22 September 2013

Palm Oil May Tumble on Increasing Global Supplies, Mistry Says

FCPO DECEMBER DELIVERY - 30MIN TF CHART 

By Ranjeetha Pakiam & Swansy Afonso - Sep 22, 2013 4:22 PM GMT+0800

Palm, the world’s most-used cooking oil, may slump to the lowest level since 2009 by January as global supplies of edible oils expand and crude oil weakens, said Dorab Mistry, director at Godrej International Ltd.

Futures will probably retreat to 2,000 ringgit ($629) a metric ton in Kuala Lumpur if Brazil and Argentina, the largest soybean growers after the U.S., harvest bigger crops and Brent crude drops below $100 a barrel, Mistry told an industry conference in Mumbai today.

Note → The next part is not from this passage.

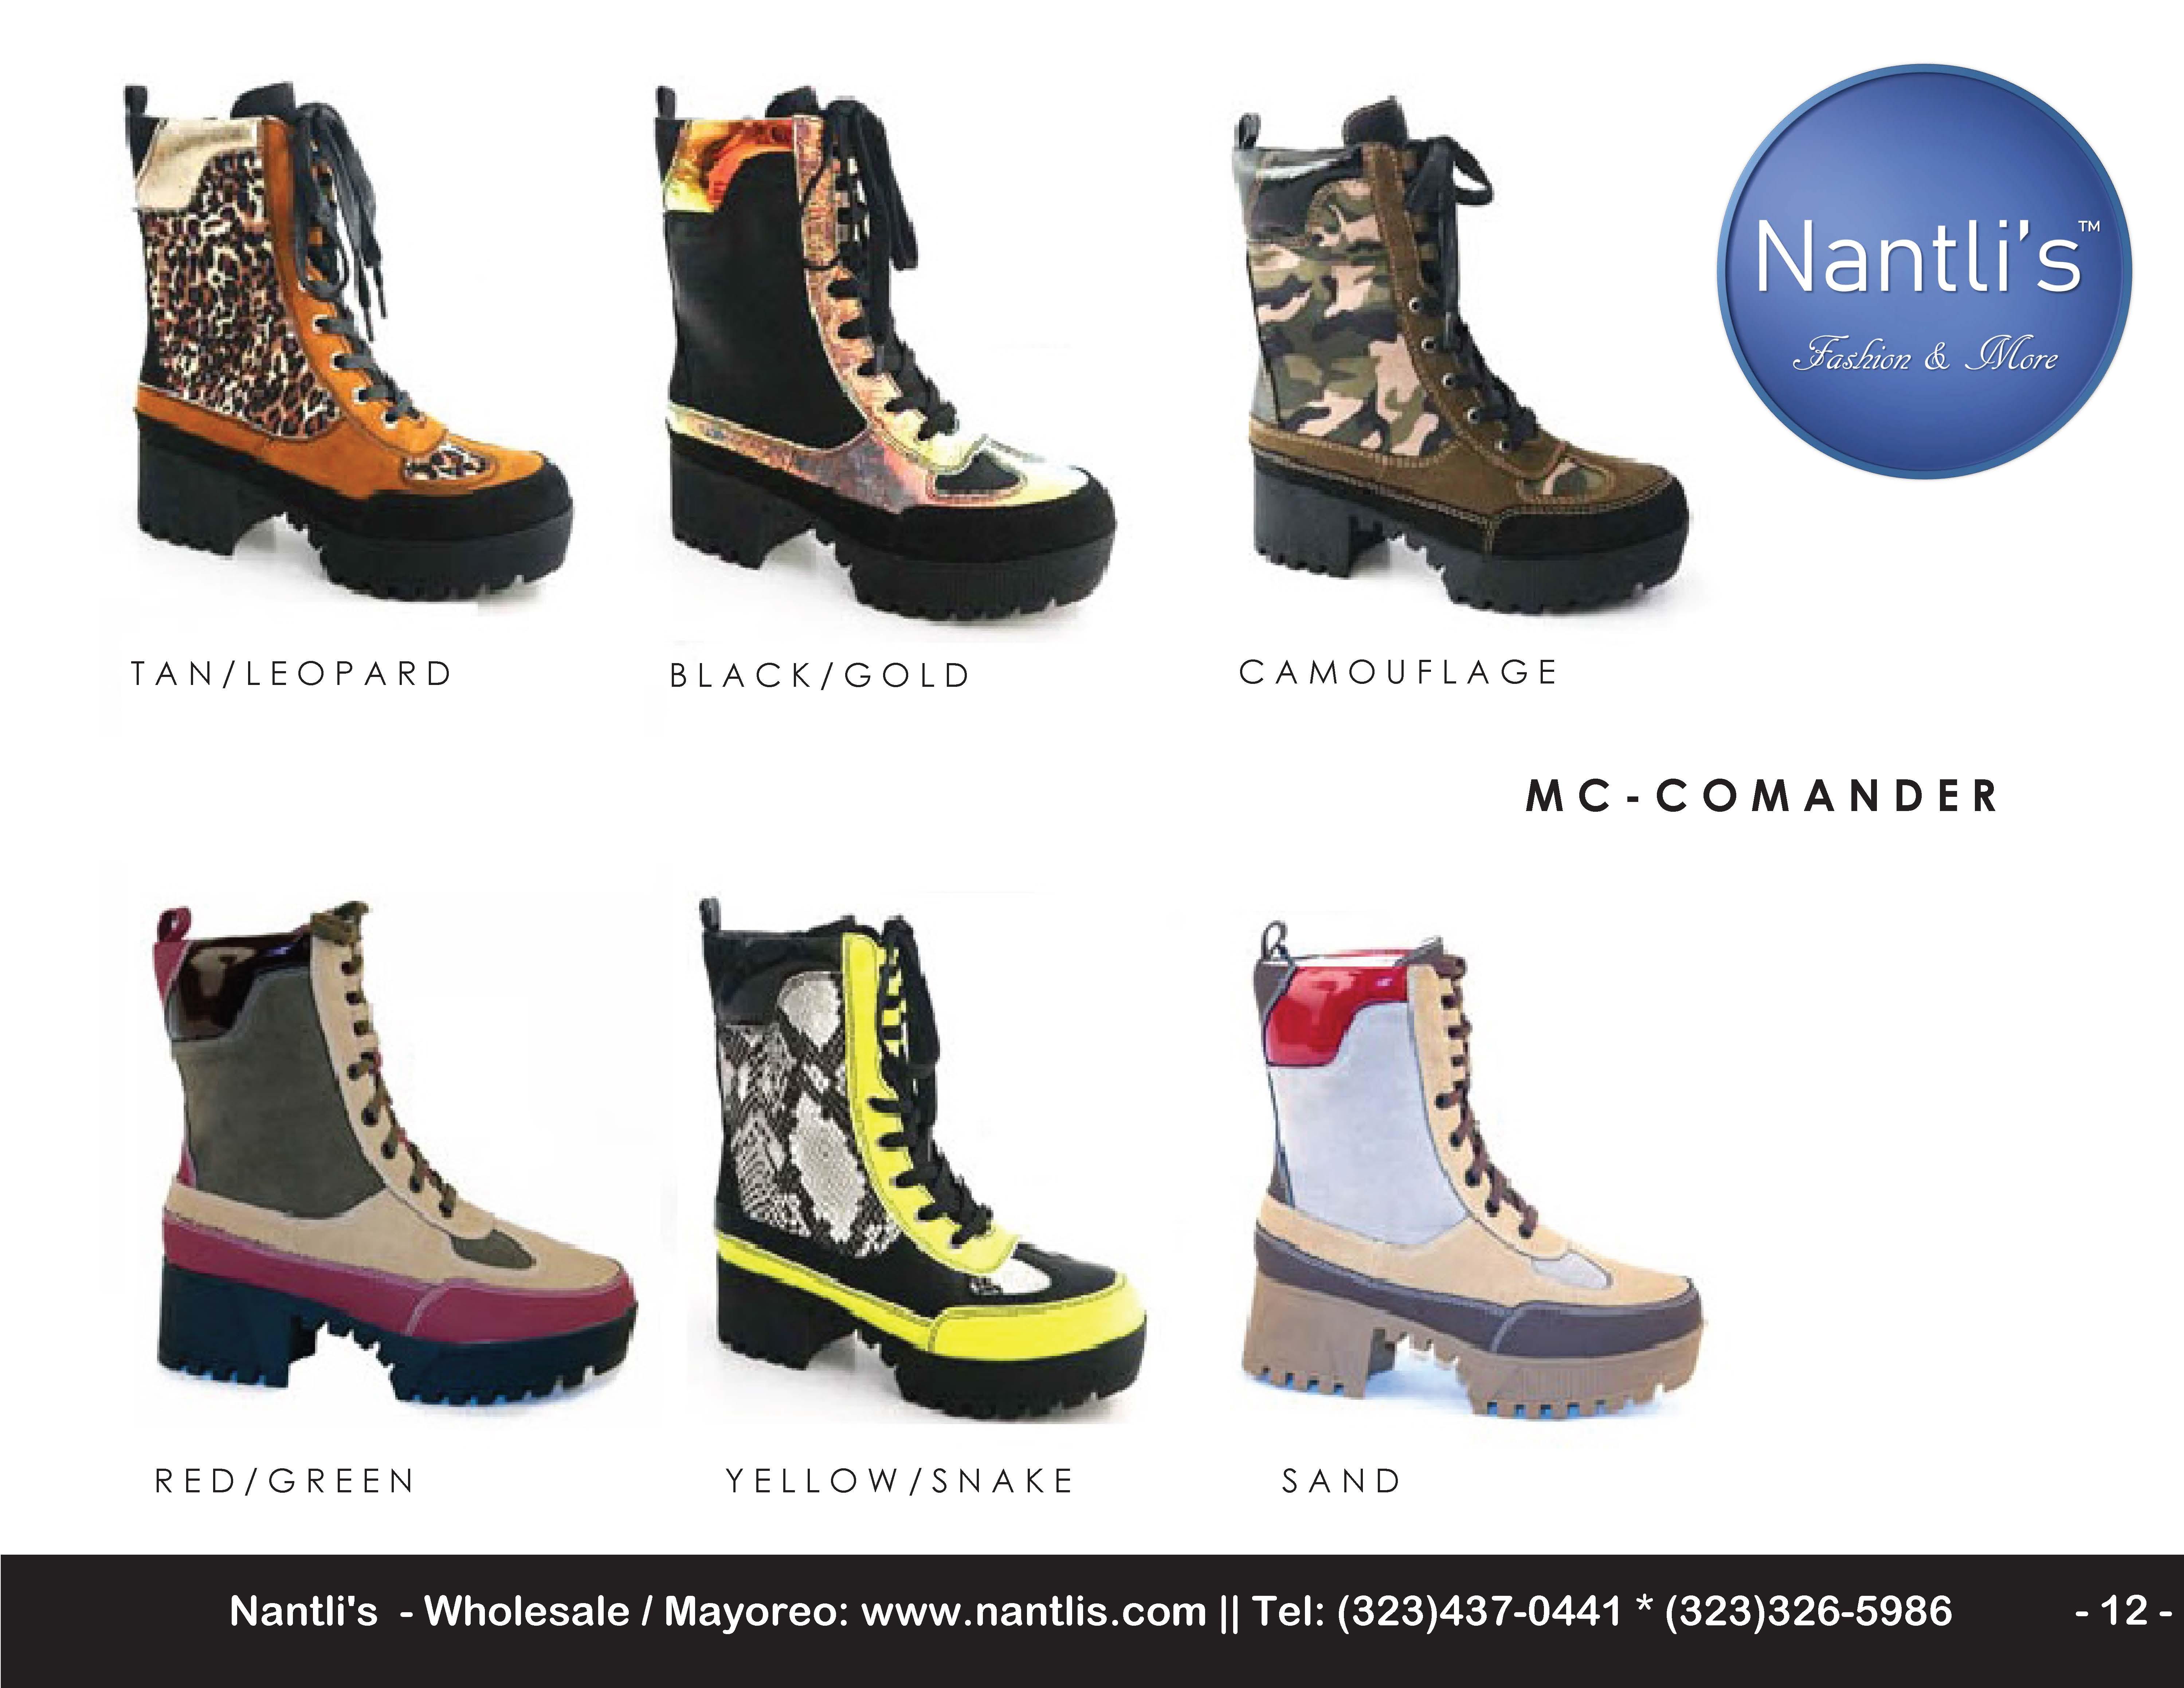 Nantlis Vol BL39 Botas de Mujer mayoreo Catalogo Wholesale womens Boots_Page_12

Prices will not fall below 2,200 ringgit in the next few weeks and will trade between 2,200 and 2,400 ringgit, he said.

Palm, used in everything from candy to detergents, is poised for a third annual loss, the worst run since at least 1996, according to data compiled by Bloomberg. Lower cooking oil prices may help extend a drop in global food costs measured by the United Nations to the lowest in more than a year. World palm stockpiles will surge 17 percent to a record 9.2 million tons by the end of 2013-2014 as demand expands 4.5 percent, the least in 12 years, the U.S. Department of Agriculture estimates.

“The fundamentals of the oilseed and vegetable oils complex are clearly bearish,” said Mistry, who has traded vegetable oils for more than three decades. “We cannot expect a bull market in vegetable oil prices any time in 2013-2014 unless we have adverse weather.”